Andrea Gandini : D'ailleurs, Pamela, Léa et Francesco et moi avons mis un point d'honneur à ne pas surinterpréter ces clichés. Ce qu'on a fait, c'est sortir des « tiroirs » des milliers d'images. Bien entendu, on a dû les rendre lisibles pour le public, mais on désirait ne pas en faire dire plus à un matériel qui en dit déjà beaucoup. On veut laisser le spectateur libre de sa lecture.

Un robinet d'eau, bien fermé

J'imagine que monter l'exposition n'a tout de même pas été évident, vu l'ampleur du matériel comme tu dis.
Andrea Gandini : C'est vrai. Cette exposition a été montée en prenant en compte plusieurs contraintes. Tout d'abord, une contrainte économique : publier 3 000 photos n'est pas chose facile. Ensuite, une contrainte organisationnelle. On aurait pu présenter ces photos de manière chronologique, tout bonnement. Le problème, c'est que ç'aurait été chiant. Au final, on a décidé de les grouper par thème : il y a donc un mur dédié au robinet de gaz, un autre dédié à la porte, etc.
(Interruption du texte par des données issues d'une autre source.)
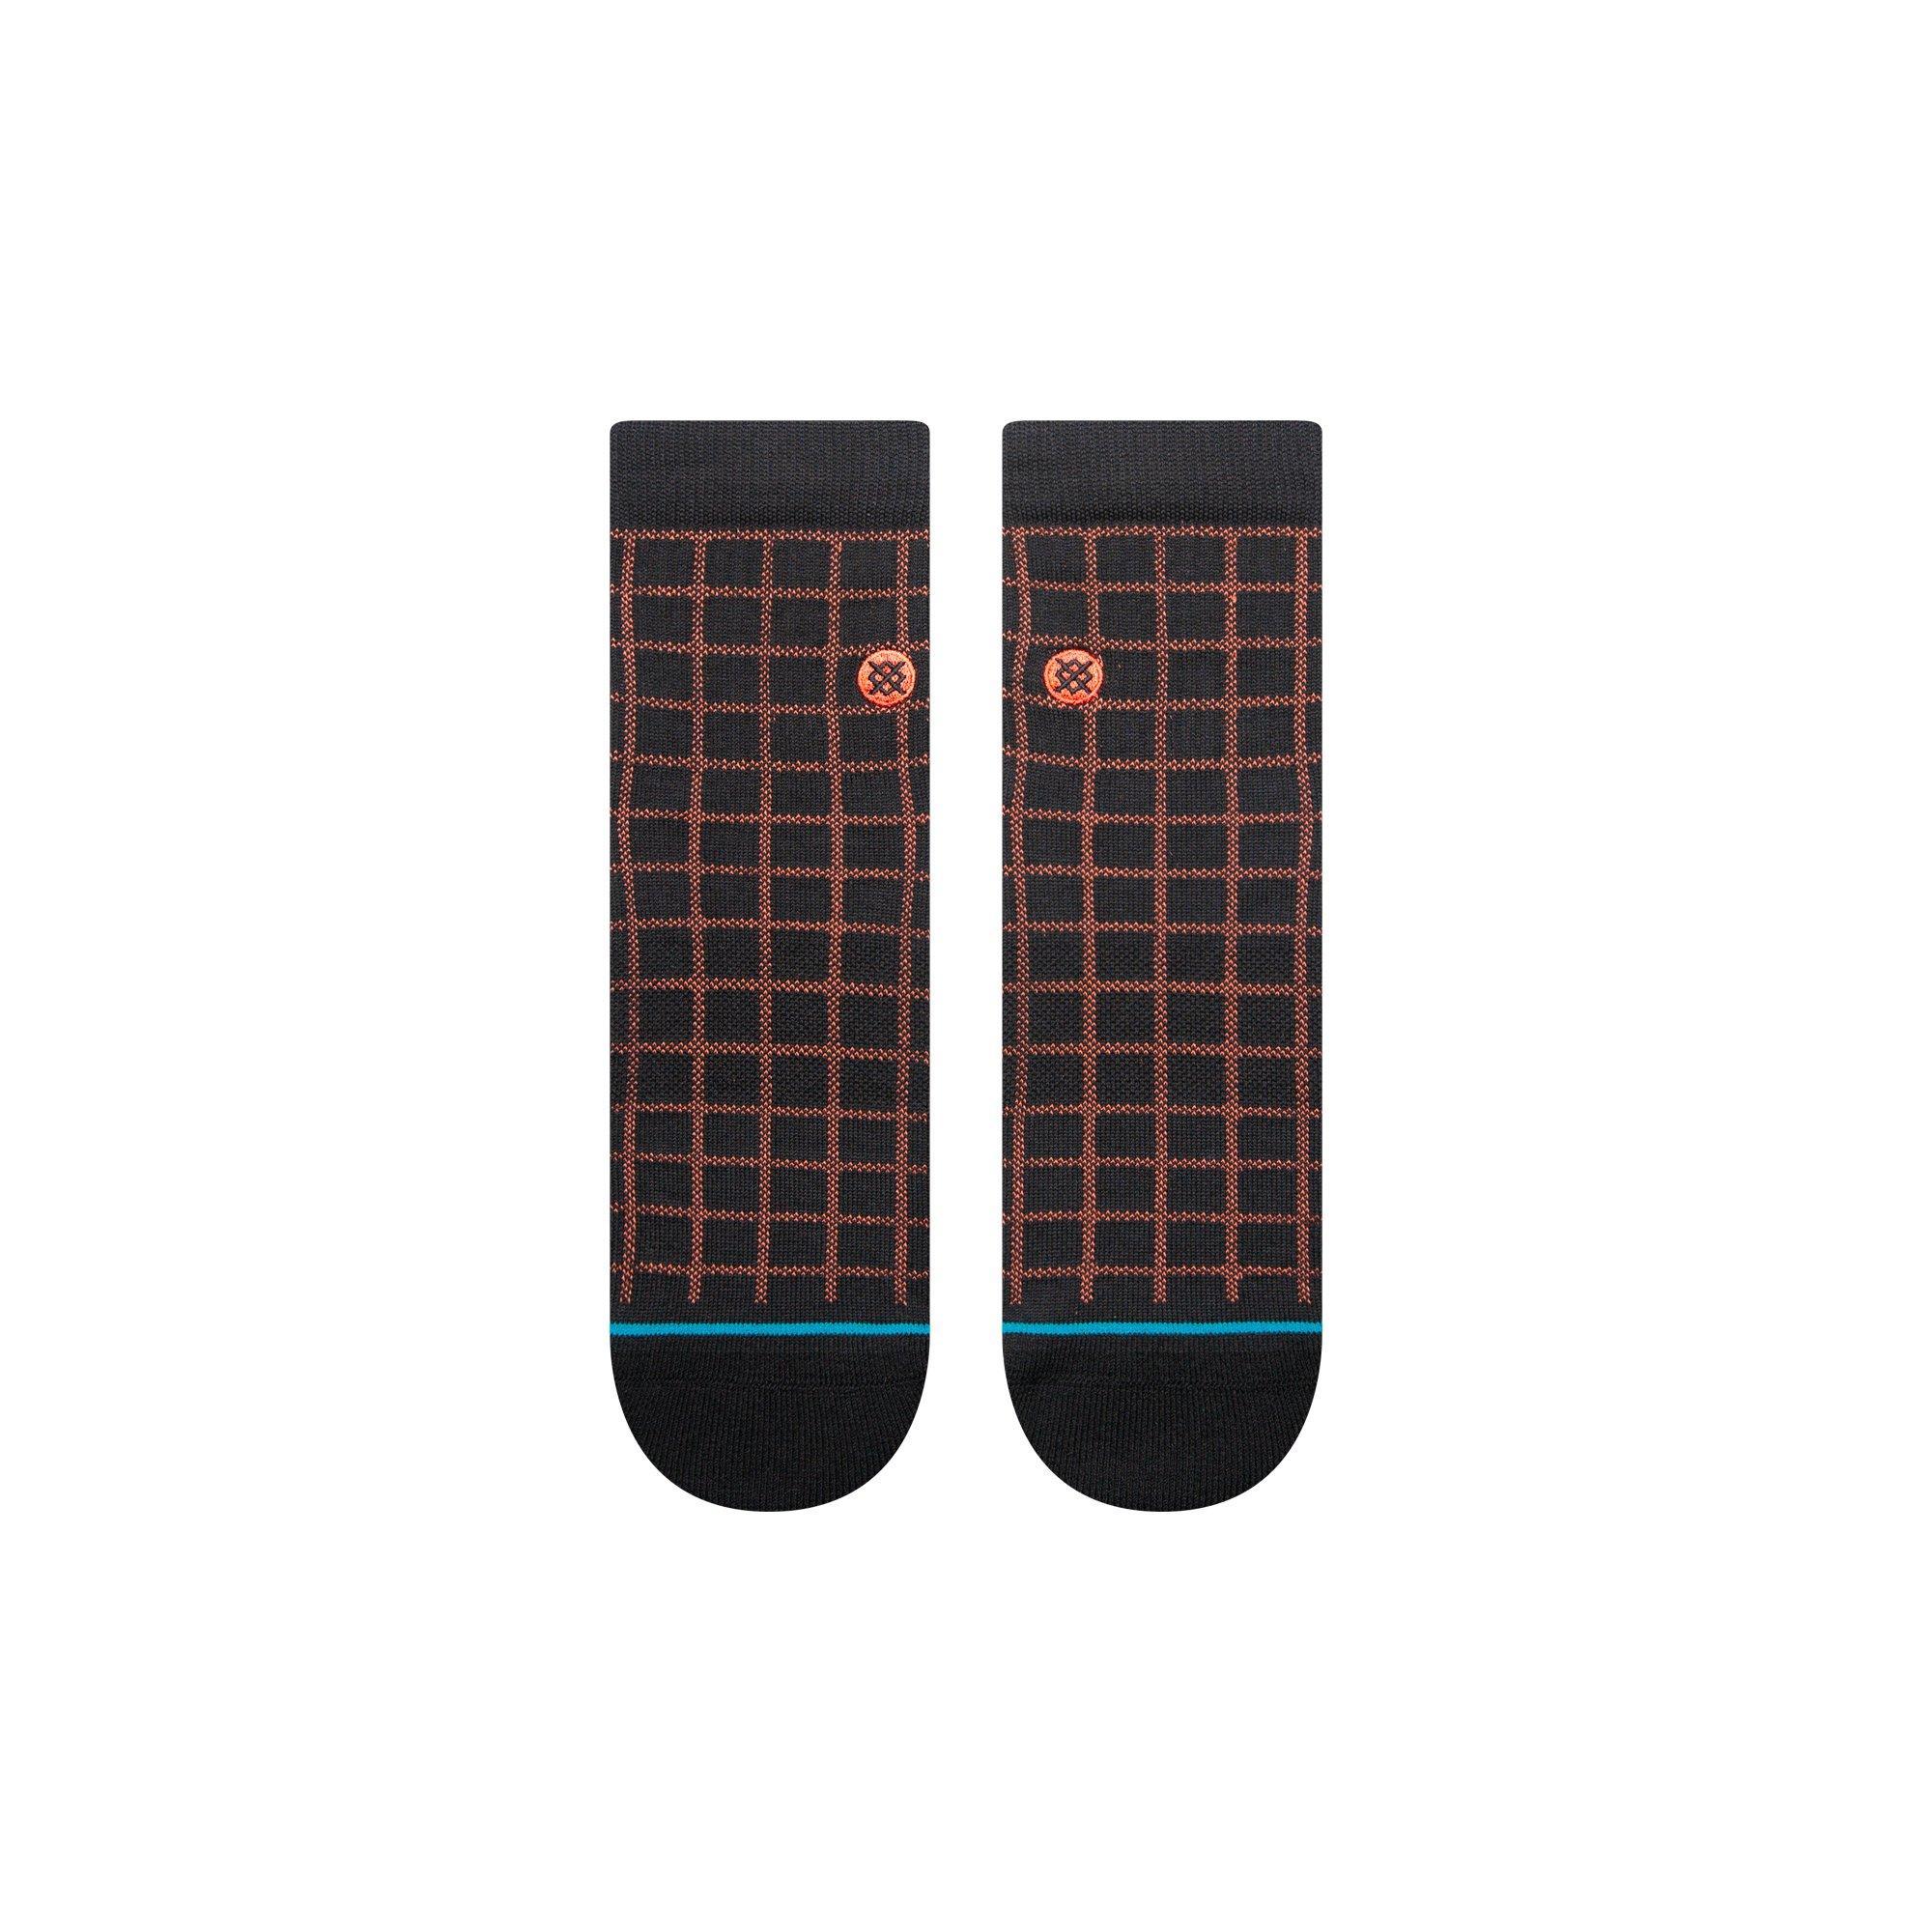 Stance Icon Quarter Crew Socks Product Image

On s'est vraiment pris la tête pour savoir comment on allait traiter ces milliers de photos, comment on allait les disposer, si on allait les installer en mosaïque ou si on allait mettre des bordures pour les séparer.

Je vois. Sinon, pour finir, pourquoi pensez-vous que le thème des TOC fascine autant ?
Andrea Gandini : En discutant avec les gens, on a compris que les TOC parlaient à tout le monde. J'ai vu naître certains sourires lorsque j'ai évoqué le projet. À des niveaux très différents, tout le monde est plus ou moins touché par les TOC.

C'est tout à fait vrai dans mon cas. Merci encore, Messieurs.

L'auteur tient à remercier Léa Neuville pour la tenue de cette interview.